NeuroD1 is an important transcription factor required for proper neural development [7, 9] and is critical in the differentiation of neural crest cells [10]. Its expression has been closely linked to adverse outcomes in neuroblastoma patients. NeuroD1 is aberrantly overexpressed in tumor tissues of NB mouse models, where it promotes NB cell survival and tumor sphere formation in vitro [11, 12]. Additional research has indicated that NeuroD1 promotes the proliferation of neuroblastoma cells by increasing ALK expression [13]. Moreover, N-Myc has been recognized as a direct transcriptional activator of NeuroD1, and the phenotypic changes in NB cells caused by N-Myc knockdown can be reversed by overexpressing NeuroD1 [14]. Collectively, these findings establish NeuroD1 as a critical regulator of NB pathogenesis, suggesting its involvement in MYCN regulation. However, the precise mechanisms through which NeuroD1 regulates MYCN remain to be elucidated.
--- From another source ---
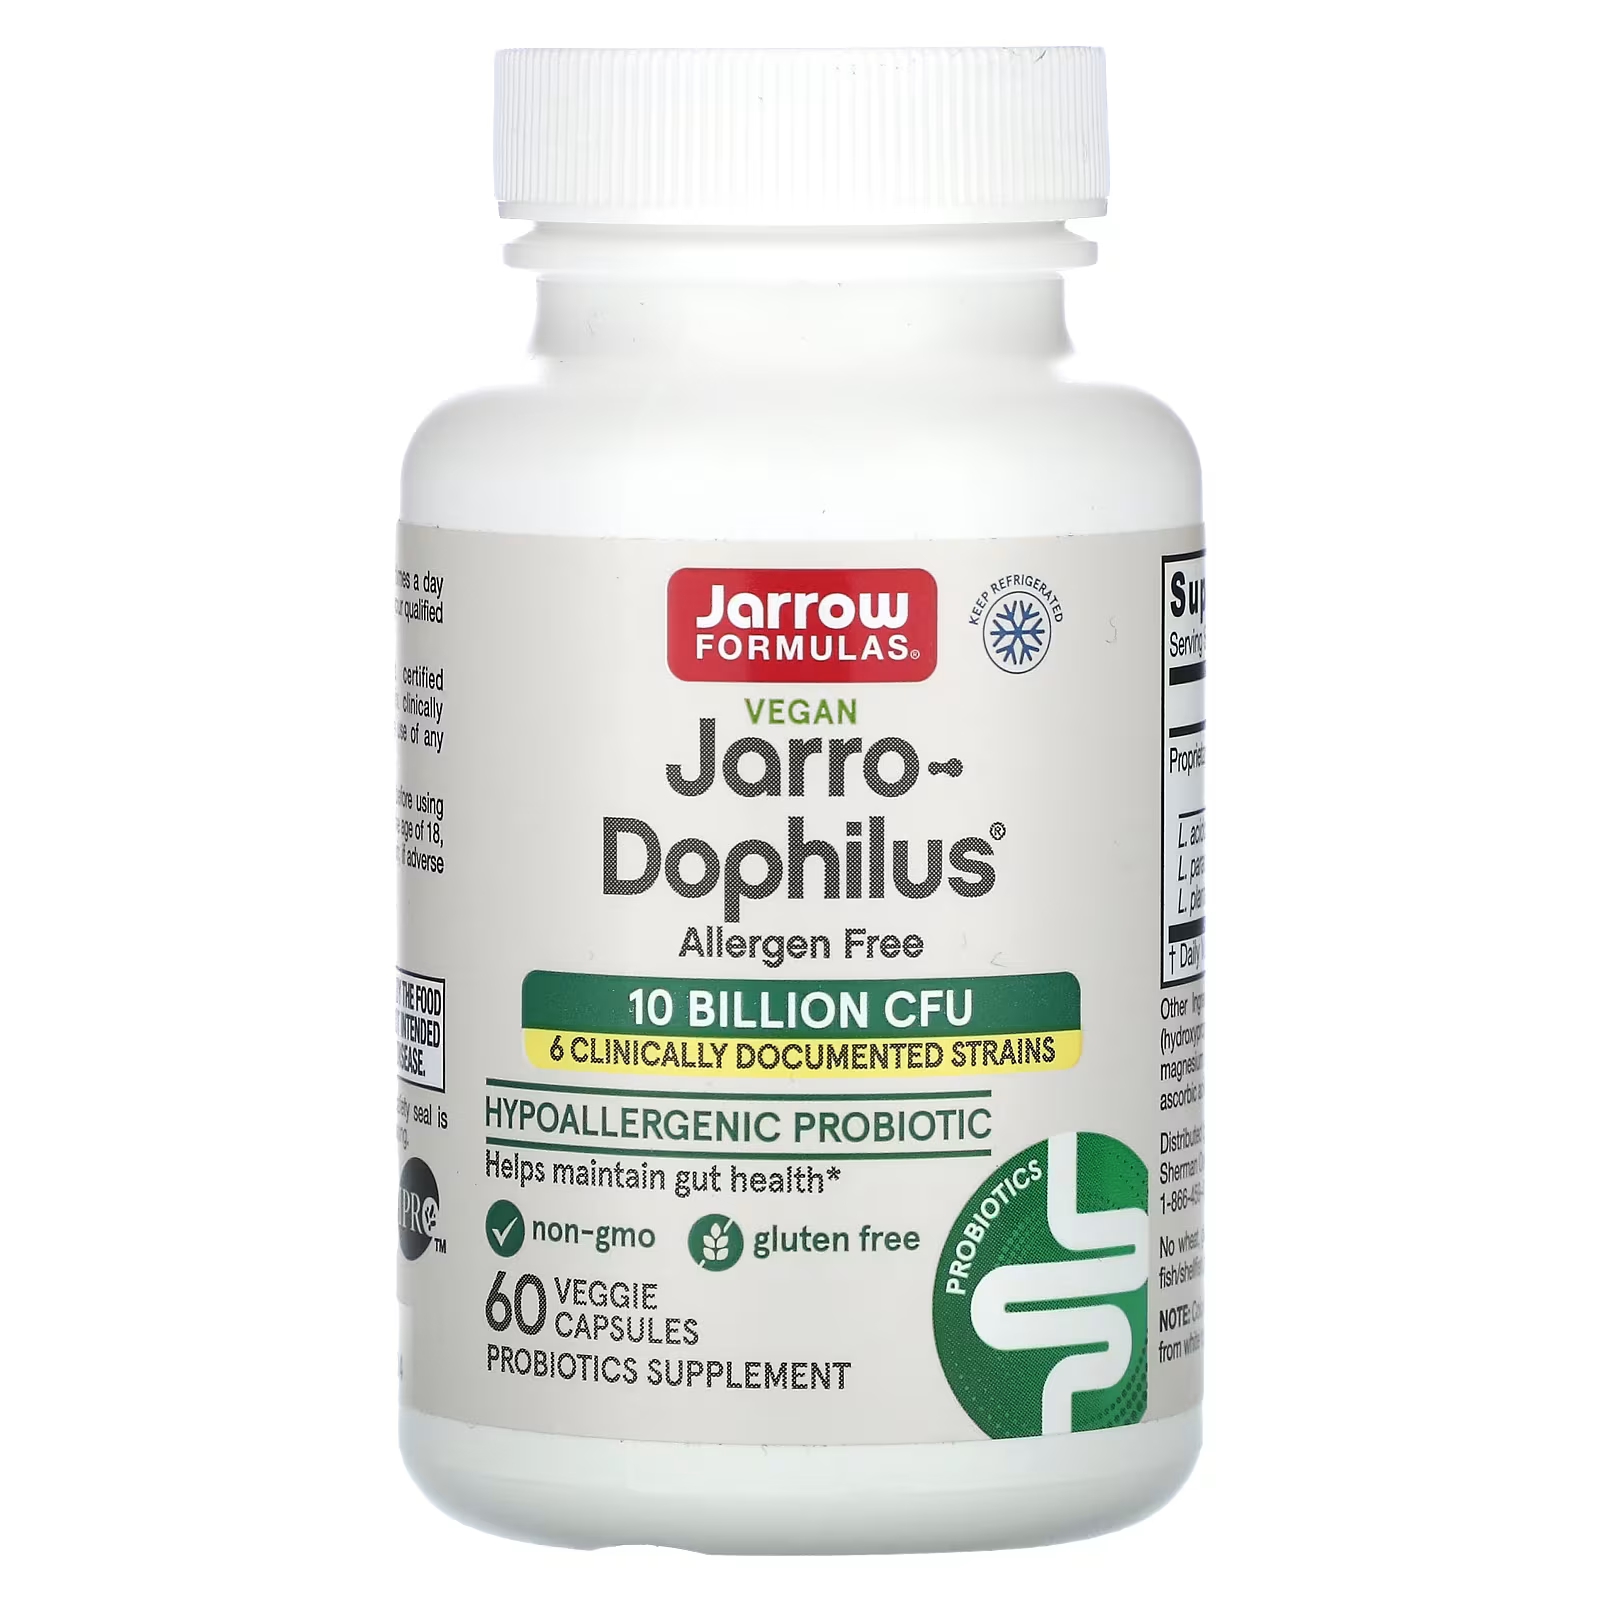 пробиотики для детей jarrow formulas jarro dophilus baby 3 billion cfu 60 г Добавка с пробиотиками Jarrow Formulas Jarro-Dophilus, 60 растительных капсул

In this investigation, we identified that NeuroD1 supports the growth of MYCN-amplified neuroblastoma by inhibiting the ubiquitin-proteasome degradation of N-Myc. K48-linked polyubiquitin chains serve as canonical degradation signals, targeting substrate proteins for proteasomal destruction [15]. In neuroblastoma, the E3 ubiquitin ligase FBXW7 marks N-Myc for proteasomal degradation through ubiquitination [16]. Conversely, deubiquitinating enzymes (DUBs) such as USP3 [17], USP5 [18], USP7 [19, 20], and USP36 [21] were reported to decrease K48-linked polyubiquitin modification from N-Myc, thereby stabilizing the protein and supporting neuroblastoma growth. Our investigation into NeuroD1’s transcriptional targets identified Ubiquitin Specific Protease1 (USP1) as a novel deubiquitinating enzyme that specifically targets N-Myc, providing new insights into the regulation of tumor progression.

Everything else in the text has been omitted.